Geography: Emea · Europe · Europe
European precision fermentation startups are engineering microorganisms (yeast, bacteria, fungi) to produce specific food proteins, fats, and flavors identical to those from animals — without the animal. Companies across Denmark, the Netherlands, Germany, and Finland are producing casein (milk protein), whey, collagen, egg white, and cocoa butter through fermentation, with several products approaching market readiness. European companies raised €120M in 2024, more than tripling 2023 investment.
The technology uses synthetic biology to insert genes encoding desired proteins into microorganisms, which then produce the target molecule during fermentation — the same industrial process used for decades to make insulin, enzymes, and amino acids. The difference is applying this at food scale. Denmark leads with its national Green Protein Strategy and Action Plan for Plant-based Foods, while the EU's updated EFSA novel food pathway (early 2025) is creating clearer regulatory routes for fermented proteins.
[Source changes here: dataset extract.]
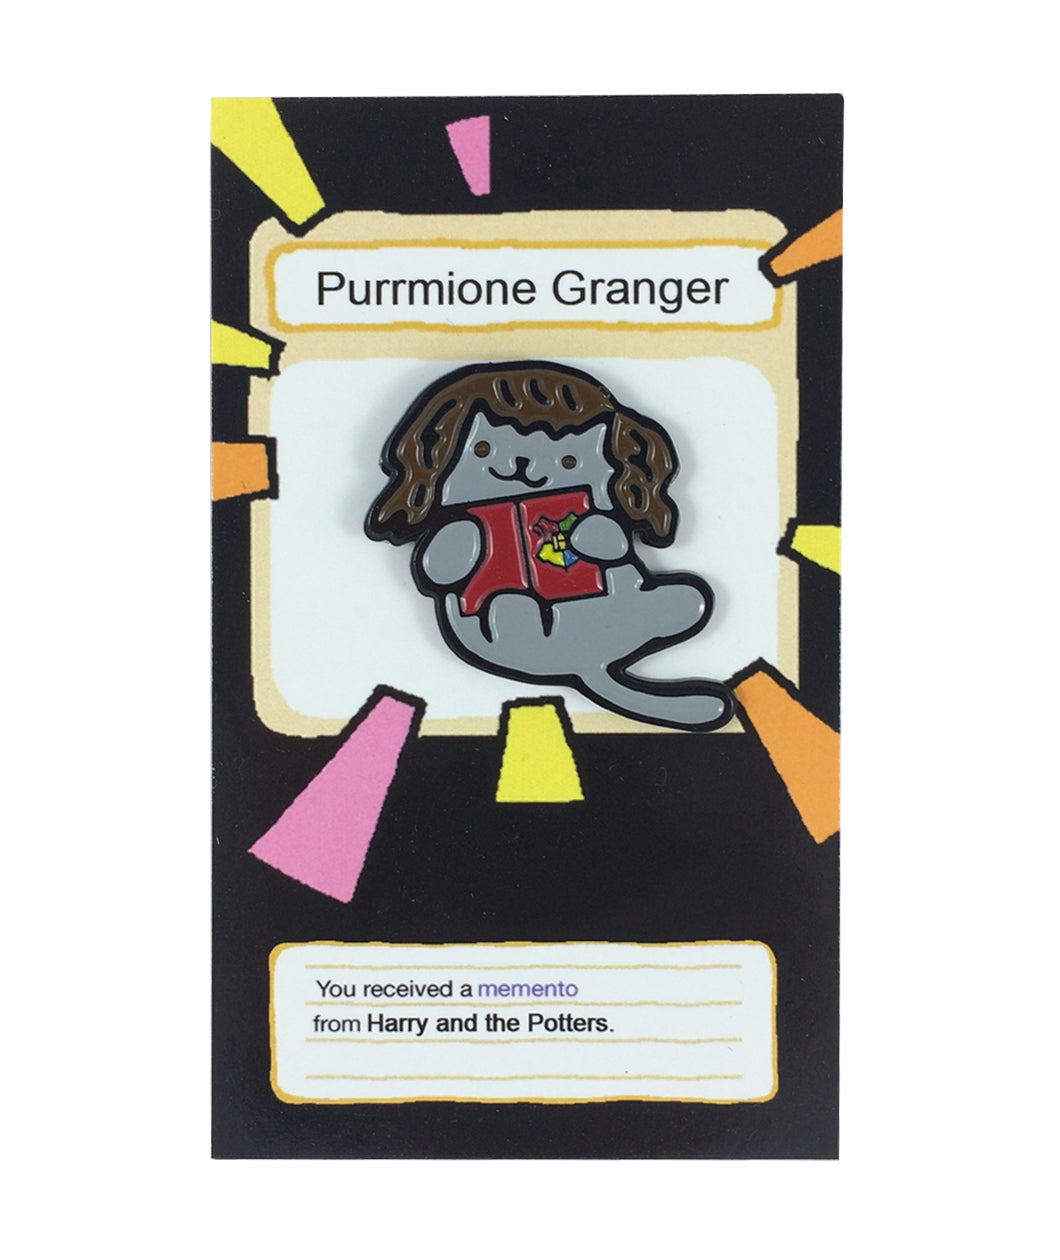 A pin shaped like a cat with brown hair, holding a book. The pin is on a pin backing with the text "Purrmione Granger" and "You received a memento from Harry and the Potters".

Food Fermentation Europe, a new trade association launched in January 2025, signals the sector's maturation from lab curiosity to industrial reality. The strategic implications are profound for Europe's agricultural economy: precision fermentation could produce dairy proteins at a fraction of the land, water, and emissions footprint of dairy farming — potentially restructuring European agriculture's largest sector. The EU's regulatory approach will determine whether European companies lead this transition or whether products are imported from the US and Israel, where regulatory approval is faster.